I partiti si confrontano sulla bancarotta dell’Alitalia, sul fallimento di Malpensa, sulla catastrofe dei rifiuti tossici in Campania, sul crollo del turismo, sulle mozzarelle di bufala radioattive, sull’imigrazione senza controllo, sullo sfascio della giustizia, sul debito pubblico, sulla mafia. Questo ricorderemo della campagna elettorale 2008. Le nuove parole d’ordine, le malattie del Paese che vorrebbero curare i nostri dipendenti. Loro che sono i virus, i responsabili. Senza pudore. Meglio un morto in casa che un Veltrusconi all’uscio.
Nel racconto “I sette piani”, Dino Buzzati descrive la parabola di un uomo ricoverato per una banale malattia al settimo piano di una clinica. Ogni volta che si aggrava scende di un livello, senza poter risalire. Fino al primo piano dove peggiora e muore. Noi siamo già in cantina.
Hanno creato i problemi della sicurezza, dello stipendio, della casa, della criminalità organizzata e ci offrono le soluzioni. La classe politica che ha fallito si propone di intervenire per il bene del Paese con “misure necessarie”. E’ come se in sala operatoria ci fosse Jack lo squartatore.

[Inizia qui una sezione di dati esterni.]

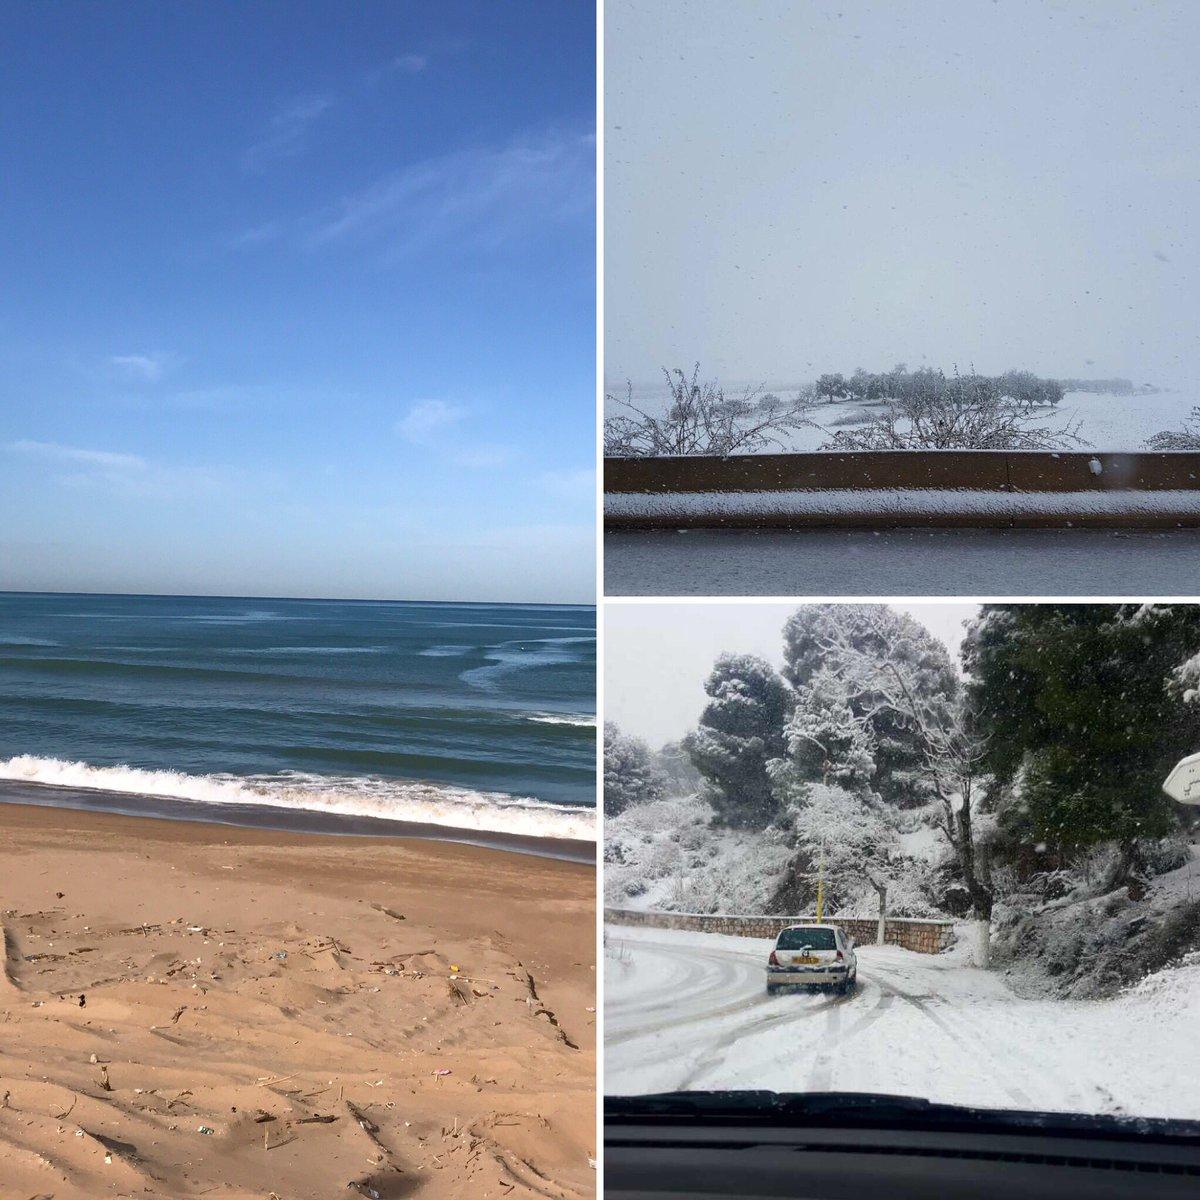 En même moment en #algerie nous avons du soleil de la neige , des beaux paysages  le #pétrole ne sera jamais aussi puissant <br>http://pic.twitter.com/utjKiDamH7

L’Alitalia è fallita definitivamente durante il quinquennio della coppia Testa d’Asfalto – Emmenthal Lunardi (presidente del Consiglio – ministro dei Trasporti). La Campania è diventata la spazzatura del mondo grazie a Bassolino e al suo protettore D’Alema. Il debito pubblico è finito sulla luna durante la gestione Tremonti. Per ogni sfascio il nome c’è. Per fortuna che il nome c’è. Fate abbassare la voce a questa gente durante i loro comizi. Fateli scendere dal predellino. Fateli ritornare sul pullman con i loro servi dell’informazione.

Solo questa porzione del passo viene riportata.